How to complete this task: Further down are entries; set down exactly and only the lines from the one with "Judith Ripka 18K" up to and including the one with "Respectful Updates Refresh", dropping each picture.

------ Extracted records ------

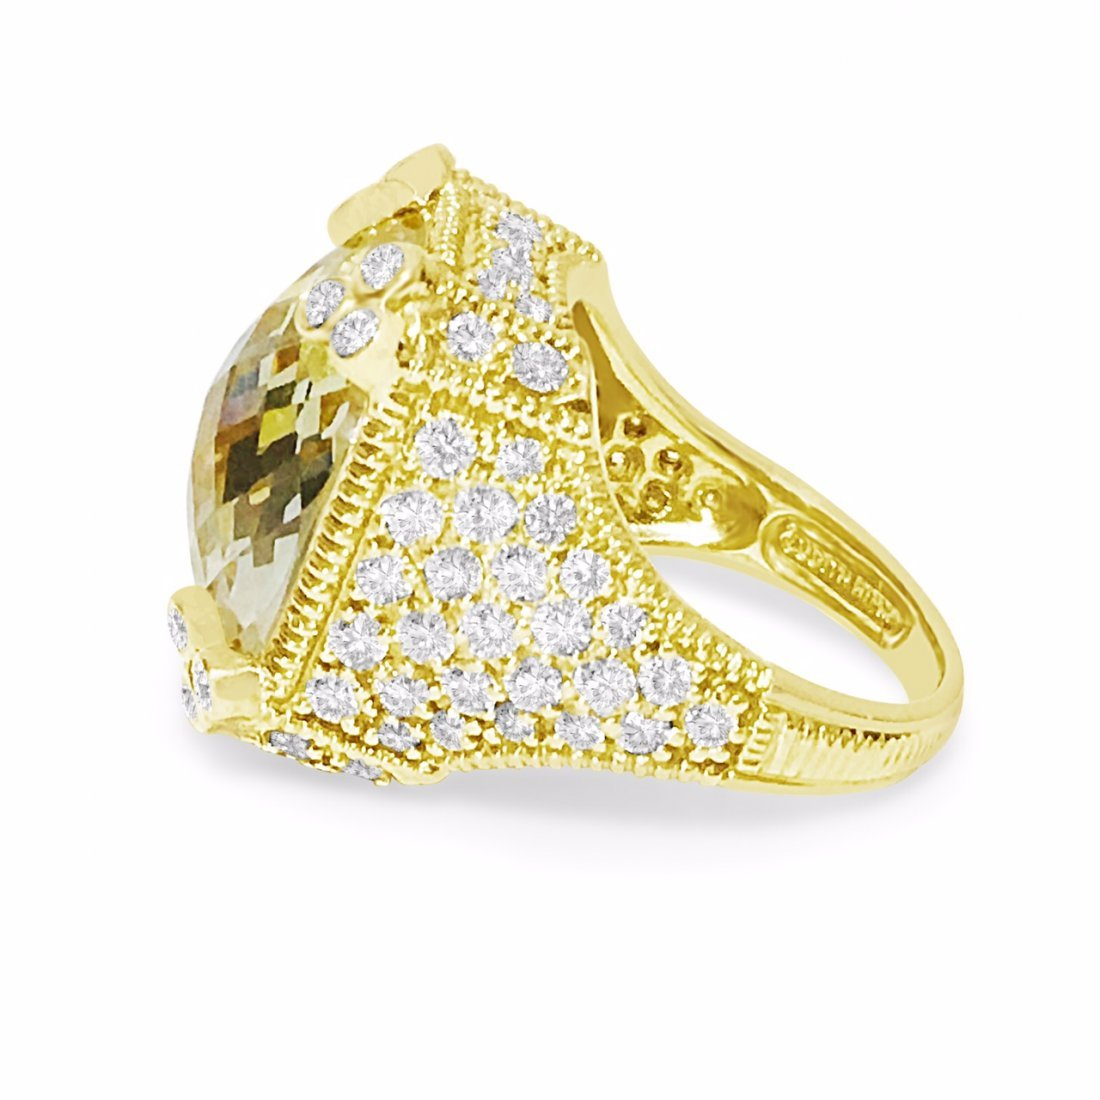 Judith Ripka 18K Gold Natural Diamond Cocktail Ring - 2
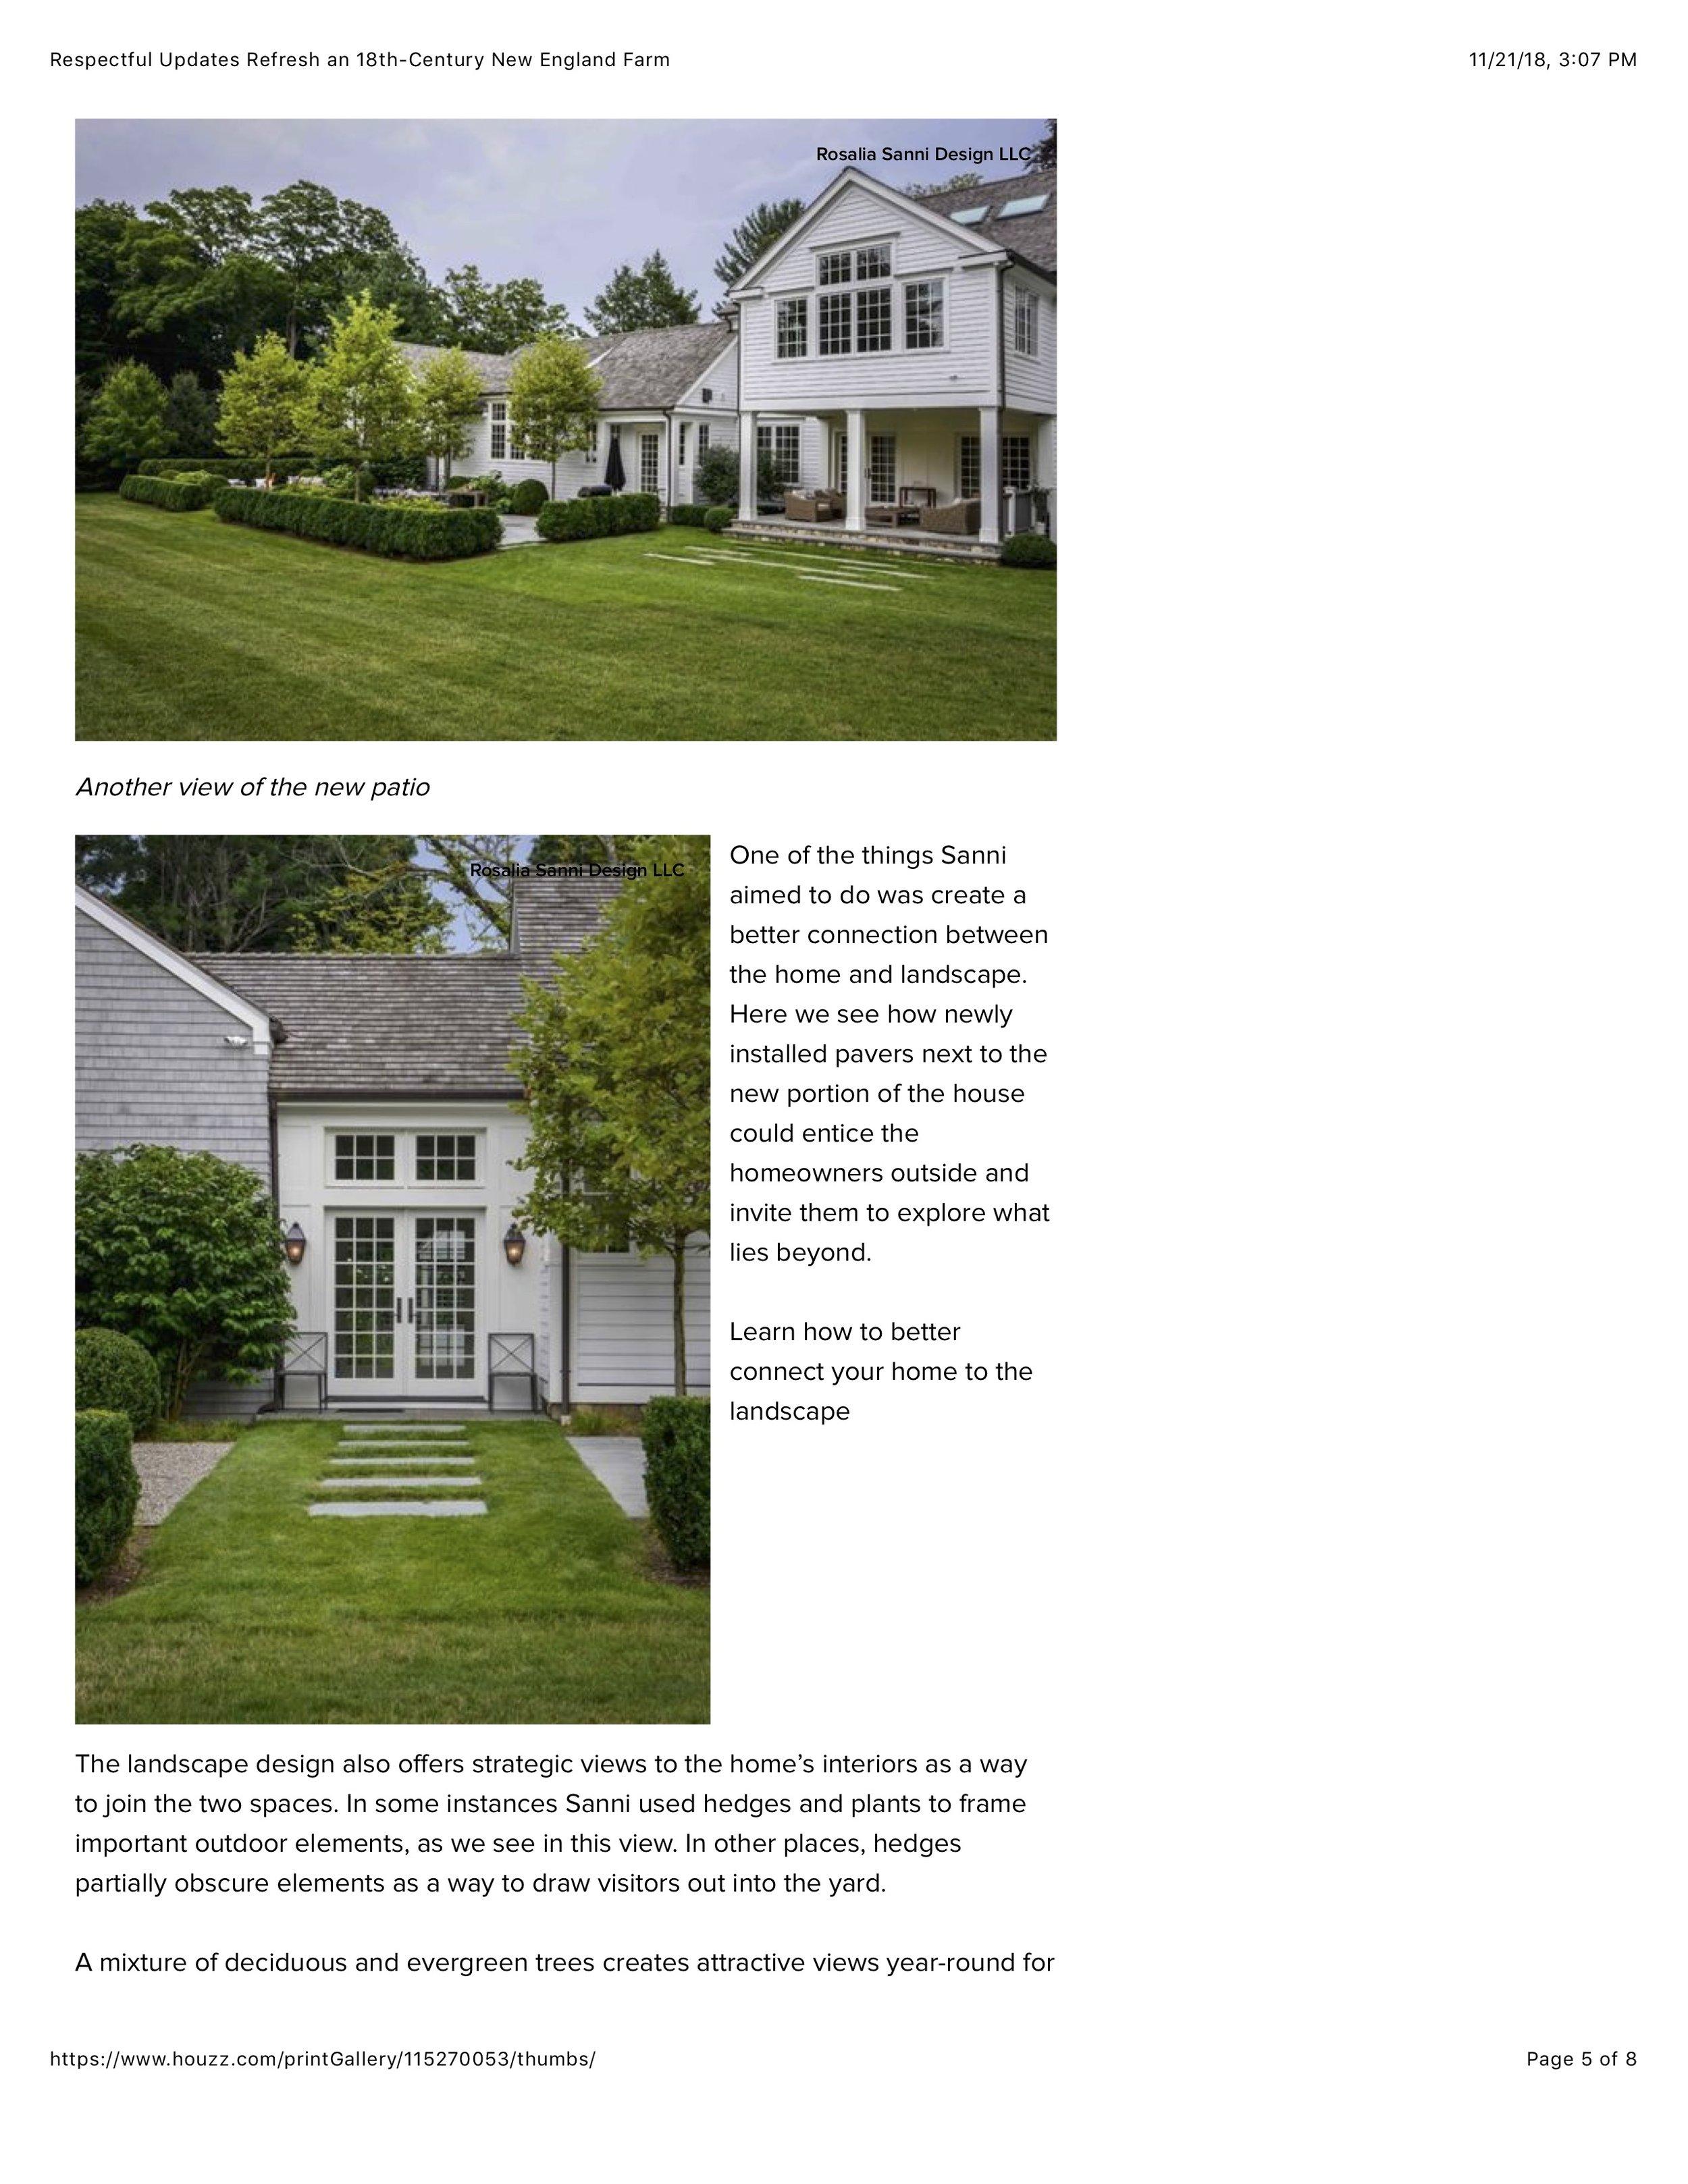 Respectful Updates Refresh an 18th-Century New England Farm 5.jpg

------
------ Extracted records ------

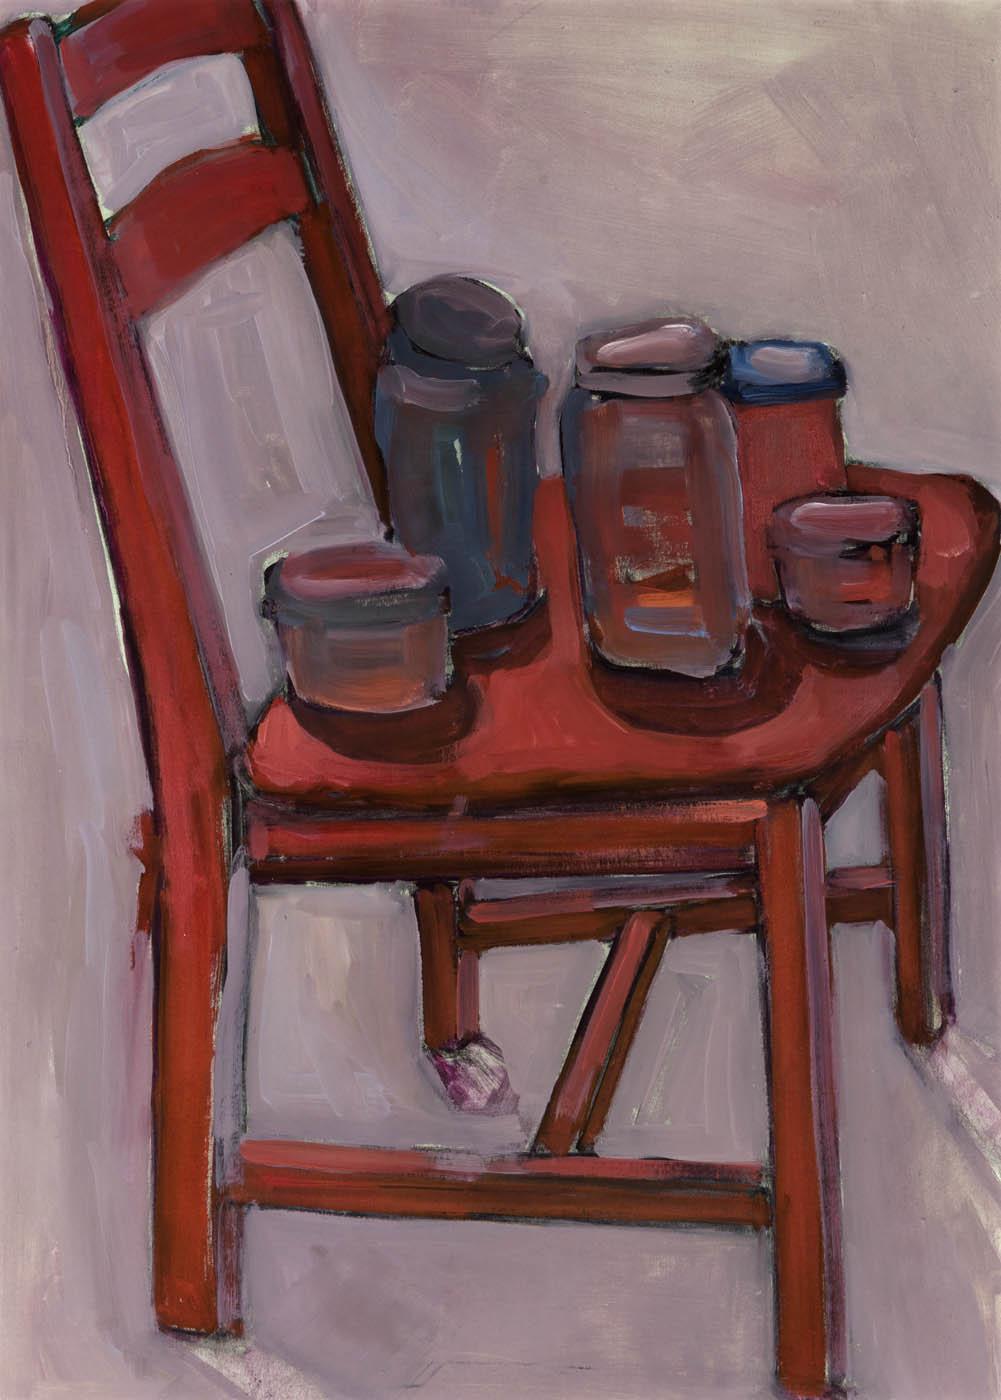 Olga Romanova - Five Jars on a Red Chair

------
------ Extracted records ------

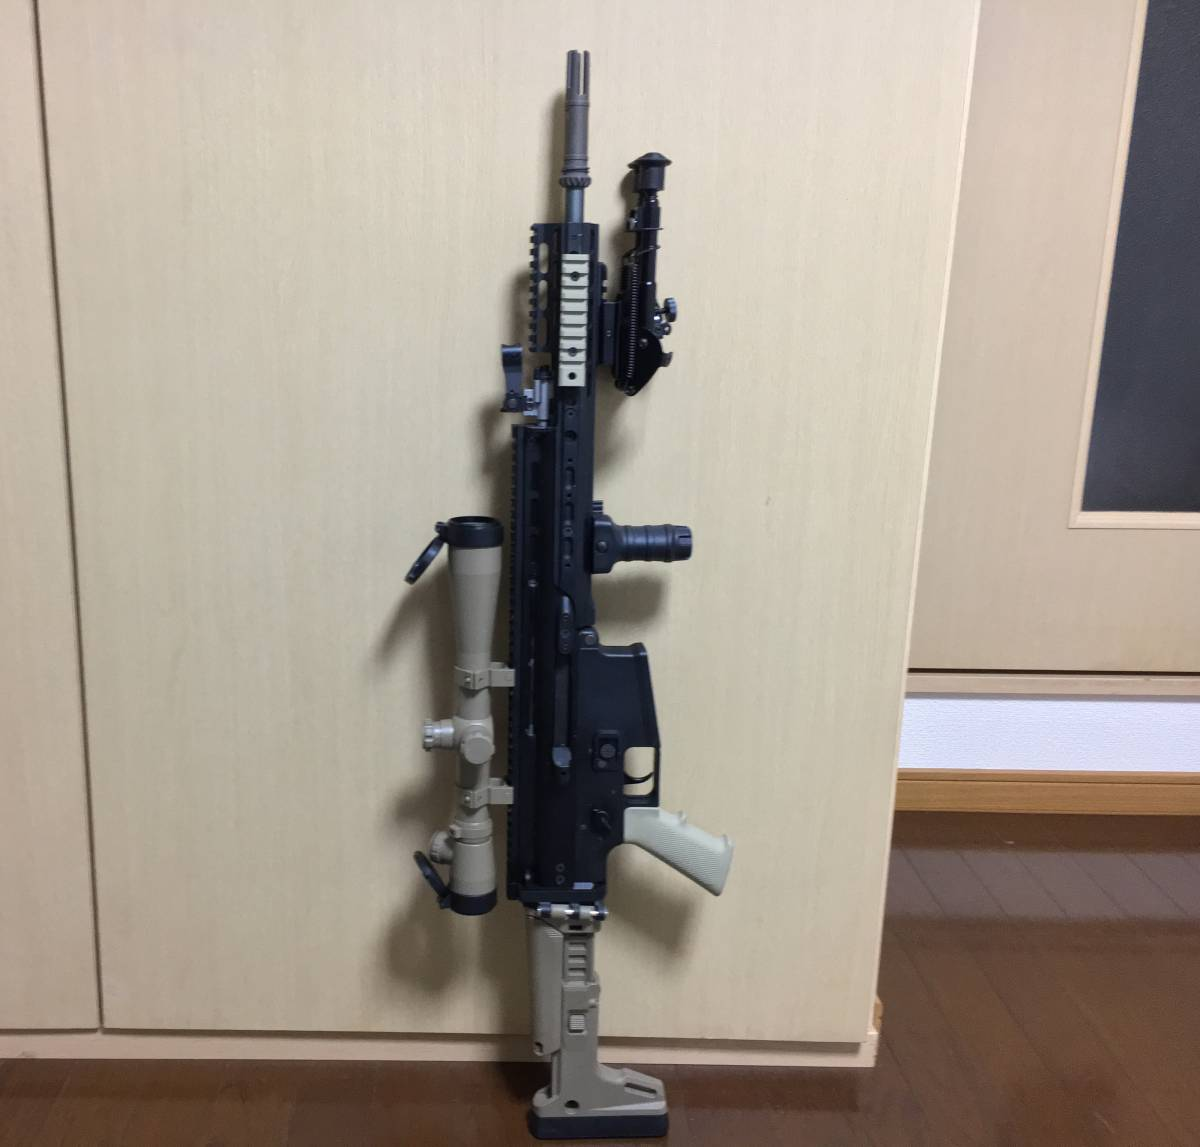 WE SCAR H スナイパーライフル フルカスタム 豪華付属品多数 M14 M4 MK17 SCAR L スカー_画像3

------

Exercise solution:
 Judith Ripka 18K Gold Natural Diamond Cocktail Ring - 2
 Respectful Updates Refresh an 18th-Century New England Farm 5.jpg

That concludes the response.